7. **Bar Chart Color Manipulation**
   - Bar graphs stored as `BarContainer` objects
   - Individual bars accessible by index
   - Color coding:
     - Red: predicted label
     - Blue: true label
   - Example: `graph[predicted_label].set_color('red')`

# Detailed Model Training Process

1. **Data Acquisition**
   - Import MNIST dataset using TensorFlow datasets
   - Dataset contains 70,000 grayscale images of handwritten digits
   - Split into training (60,000) and test (10,000) sets

2. **Data Preprocessing**
   - Normalize pixel values from 0-255 to 0-1 range
   - Convert data to TensorFlow dataset format
   - Create batches for efficient processing
   - Apply prefetch for optimization

3. **Model Architecture**
   - Create sequential model
   - Add Flatten layer to convert 2D images to 1D arrays
   - Add Dense layers with appropriate activation functions
   - Configure output layer with 10 neurons (0-9 digits)
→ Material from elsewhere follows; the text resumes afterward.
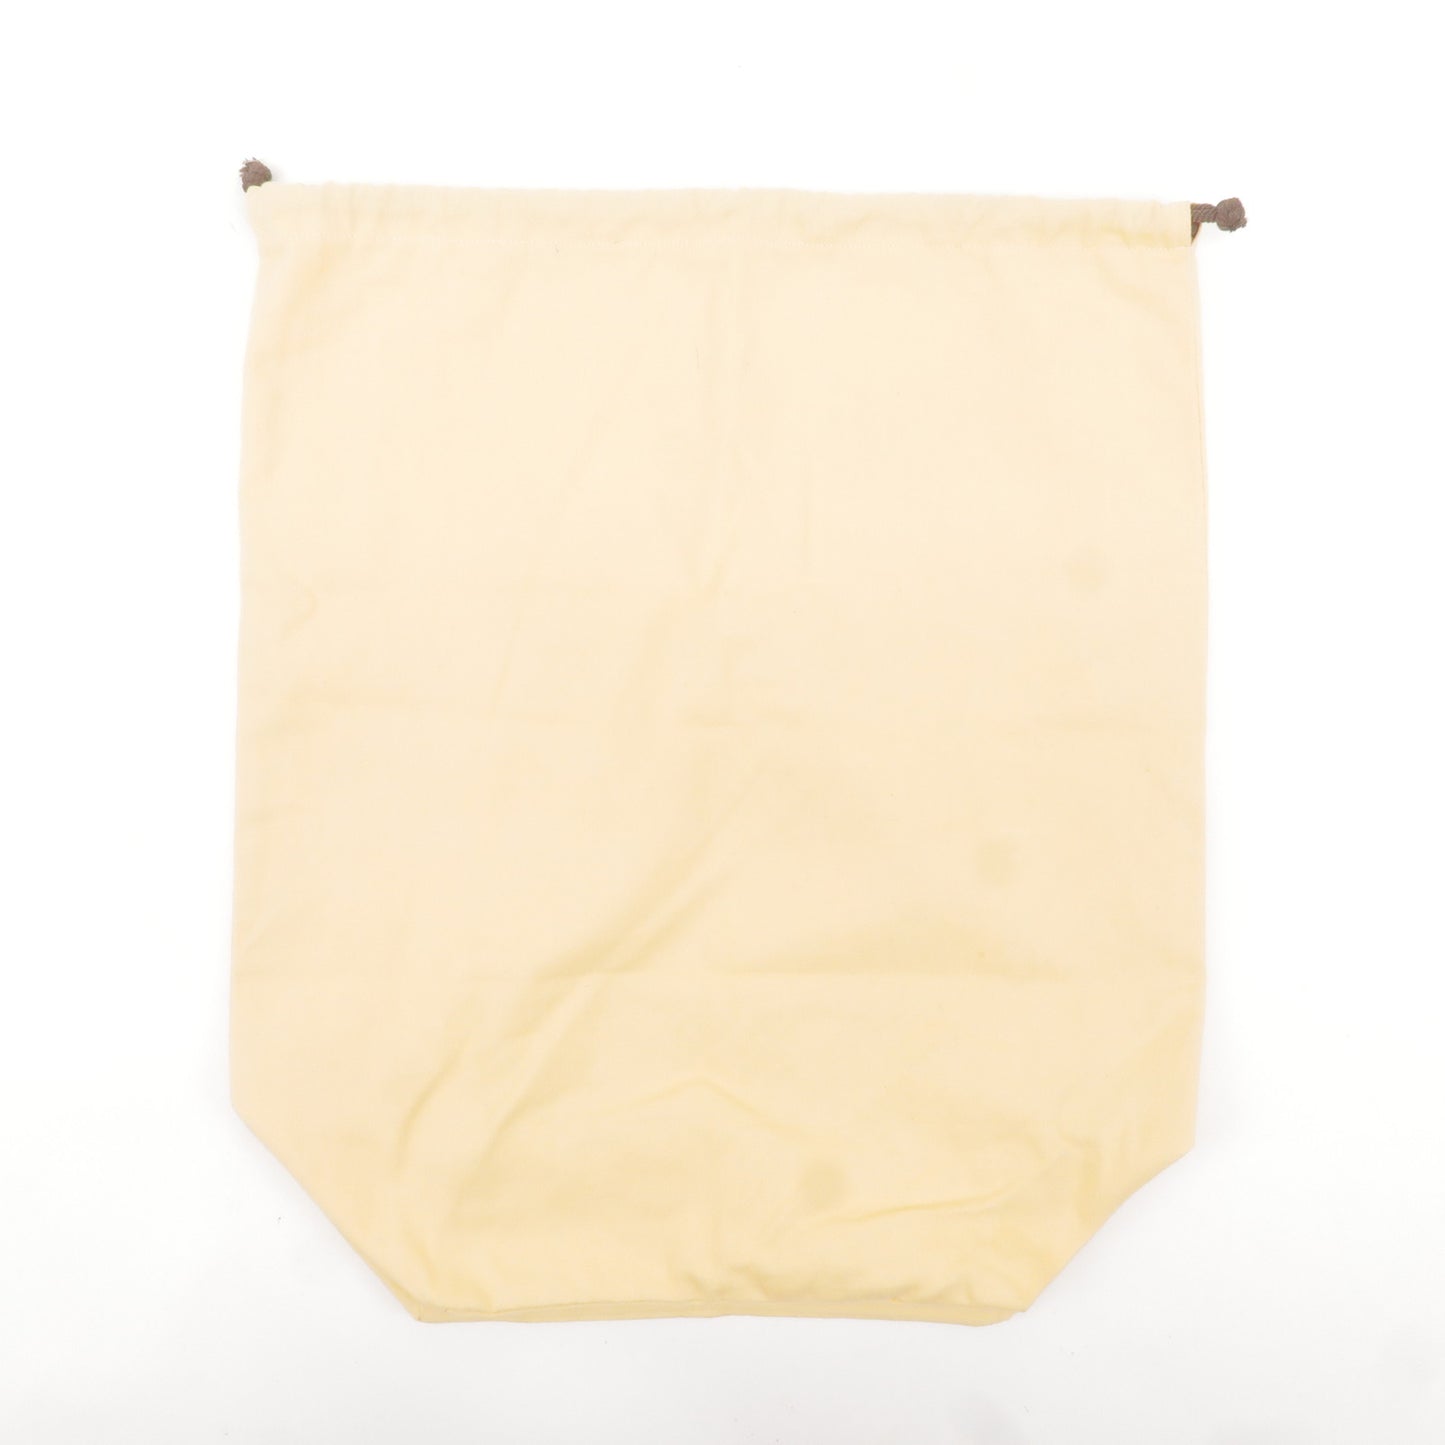 Louis-Vuitton-Set-of-8-Dust-Bag-Storage-Bag-Draw-String-Beige

4. **Model Configuration**
   - Set loss function (`keras.losses.SparseCategoricalCrossentropy()`)
   - Choose optimizer (Adam)
   - Define metrics (accuracy)

5. **Training**
   - Feed training data through model
   - Adjust weights based on loss
   - Monitor accuracy improvements
   - Validate against test data

6. **Testing and Visualization**
   - Select batch of test images
   - Make predictions
   - Display results in grid format:
     - Left column: actual images with predictions
     - Right column: probability distributions
   - Color-code correct (blue) and incorrect (red) predictions

7. **Results Analysis**
   - Examine prediction accuracy
   - Analyze confidence levels
   - Identify patterns in misclassifications
   - Evaluate model performance metrics

This process creates a complete pipeline from raw data to trained model with visual verification of results.